On November 26, 2023, Roxie Darlene (Dolly) McGuire passed away peacefully at her home in Keno Oregon surrounded by her family and beloved pets. She is survived by her beloved husband Samuel A. McGuire, daughter Bobbie J. of Keno Oregon, son Thomas J. and his family, wife Emily and their daughters Helen and Vivian of Lincoln City Oregon. Extended family members included Alex Tucker of Gervais, Oregon and Bryan Routt of Athol, Idaho, whom both spent some of their teenage years learning from her about the farm and became like sons to her. She is also survived by her brother William Osburn and his wife Sheryl and their four daughters, sister Karen Pankratz, great niece Amanda Eller, and numerous nieces and nephews. And was much loved by those she called friends.

She was preceded in death by both her parents, her eldest brother Mike, and eldest sister Katherine.

She was born in June of 1957 in Fort Morgan, Colorado to Helen Marie and Myron Osburn. The family moved several times before settling on a Dairy farm in Colton Oregon where she was raised and found her love of cattle, and the farming way of life. When she was 15, she met her true love Sam through a mutual friend Jim Barton, at the high school play Brigadoon. After being told that it was near impossible for her to graduate high school early by a guidance counselor so that she could get married, she showed her determination and did indeed graduate at the age of 17, a full year ahead of her class and was married that July.

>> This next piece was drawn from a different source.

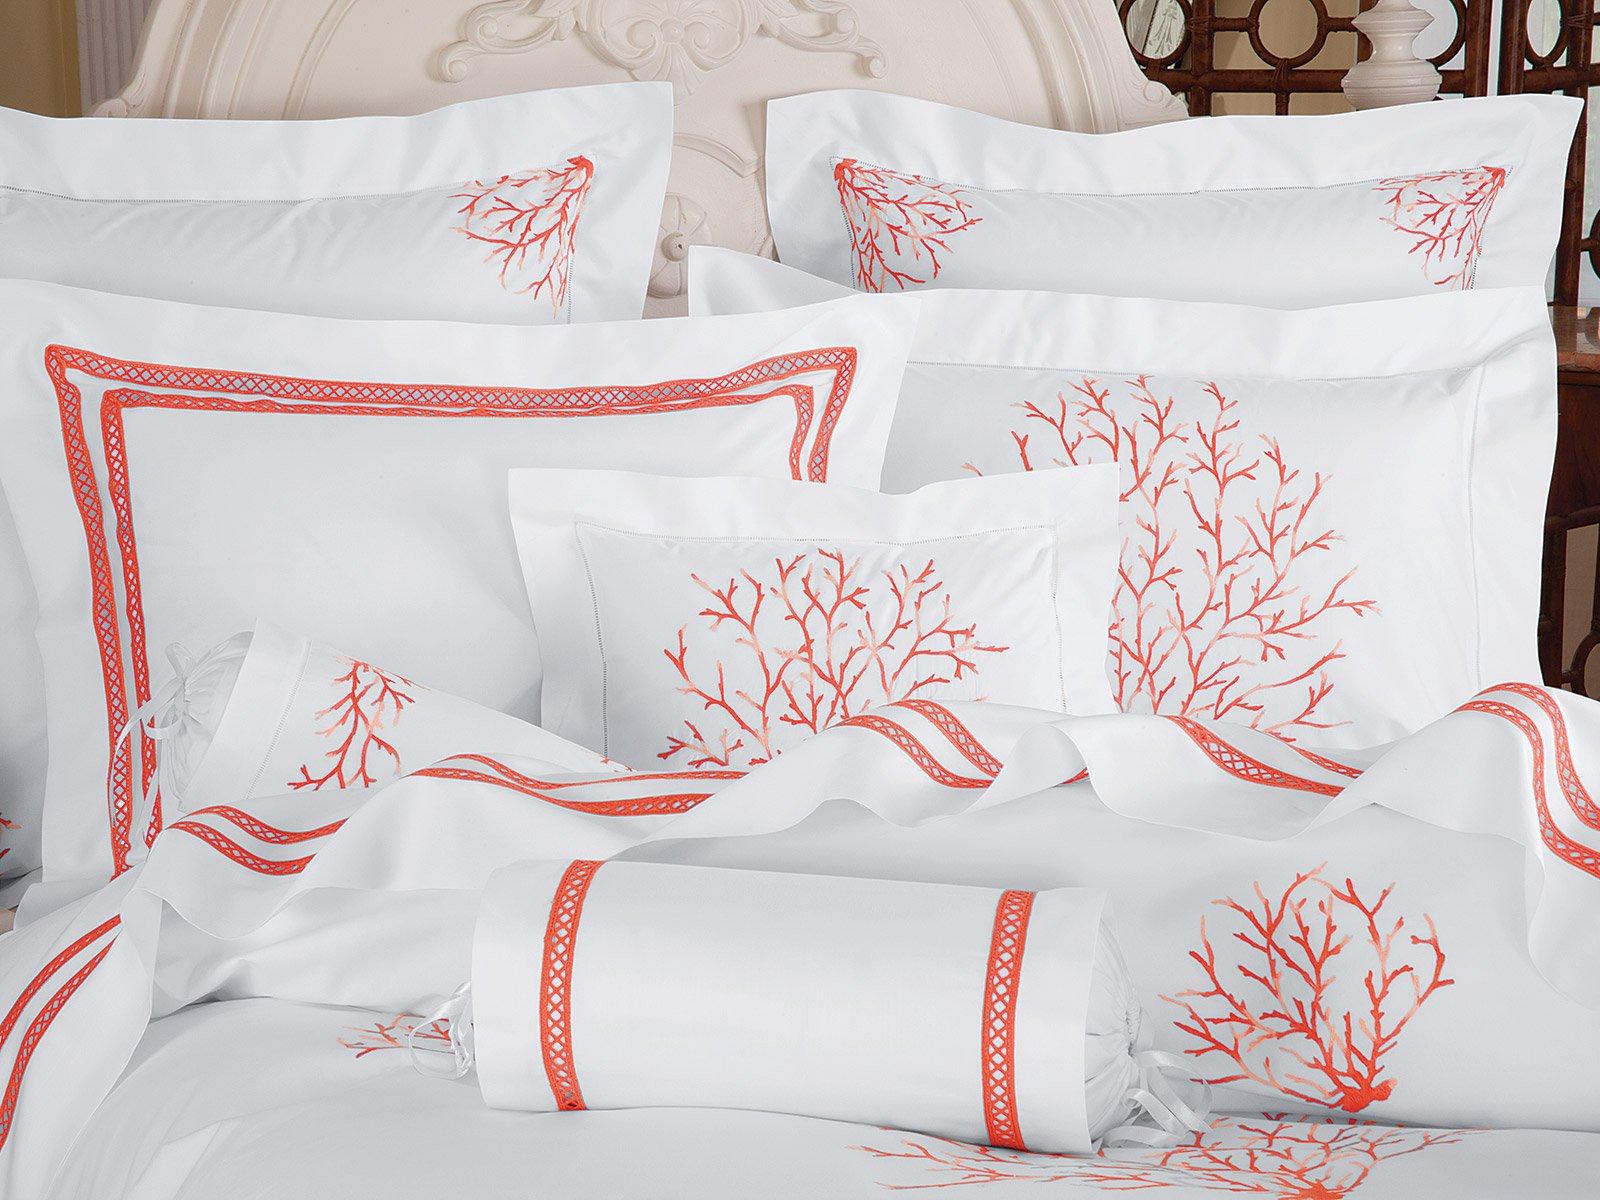 Coral Sea Luxury Bedding Italian Bed Linens

She moved with her husband to Vallejo California while he was in the Navy. Living in the concrete jungle of navy housing was an adjustment for a farm girl accustomed to being able to grow things. So, Sam built her a small, raised bed garden in their small area where she planted veggies including tomatoes, that even though they were still green the tomatoes started to mysteriously disappear, then as they were walking around that block one day, they noticed in the windowsills of other houses, were these perfect green tomatoes trying to ripen. Then they caught some neighborhood kids in the garden one day and she struck a deal with them, that if they protected the garden that they could have some veggies when they ripened, accidentally starting a war in the backyard amongst those who tried to steal the unripe vegetables. But as promised each kid got to take home their prize in the fall. She always had a way with kids, to not only love them but teach them something valuable, and it was something that she continued to do throughout her life. While still in the Navy they welcomed their first child two years later in the fall of 1976 and six months later when his Navy term was up, they moved back Oregon to begin the adventure of homesteading their own piece of property in the wilds of Keno. Two years later their second child arrived during one of the worst storms the state had seen. With the truck seats out for repair and sitting on a bucket, they made the mad dash into town arriving at the hospital with mere minutes to spare.

The homesteading life is a challenge, one that she rose to. From dealing with predator animals that raided the farm stock to the challenge of the weather. She made it all look easy. She enjoyed being with her animals mostly her cattle, horse, dogs, cats and her burro. She enjoyed being one with nature whether it be at home or out in the woods on one of the many adventures that we as a family had either hunting, camping, fishing, or searching for wild horses. She also enjoyed gardening, growing a huge garden each year to provide vegetables for her family for the next year, that she would can in the hottest part of the summer. She had learned to live by the seasons each major chore that needed to be accomplished had its own timeframe. She also loved her flowers and would make a planter out of anything that she found interesting, whisky barrels, old wagons, an old hay seeder, and an antique wringer washer. She had a love for antiques especially old farm equipment or farm decor of any kind; if it had rust, she loved it.

 She will be greatly missed by those she has left behind, but she has left a legacy of love, love of life, love of nature, love of family and will be forever in our hearts.

The family will be holding a private celebration of life. We are asking that in lieu of flowers that you donate to either Klamath Hospice, or the American Wild Horse Campaign (To protect wild horses and Burros) in her honor.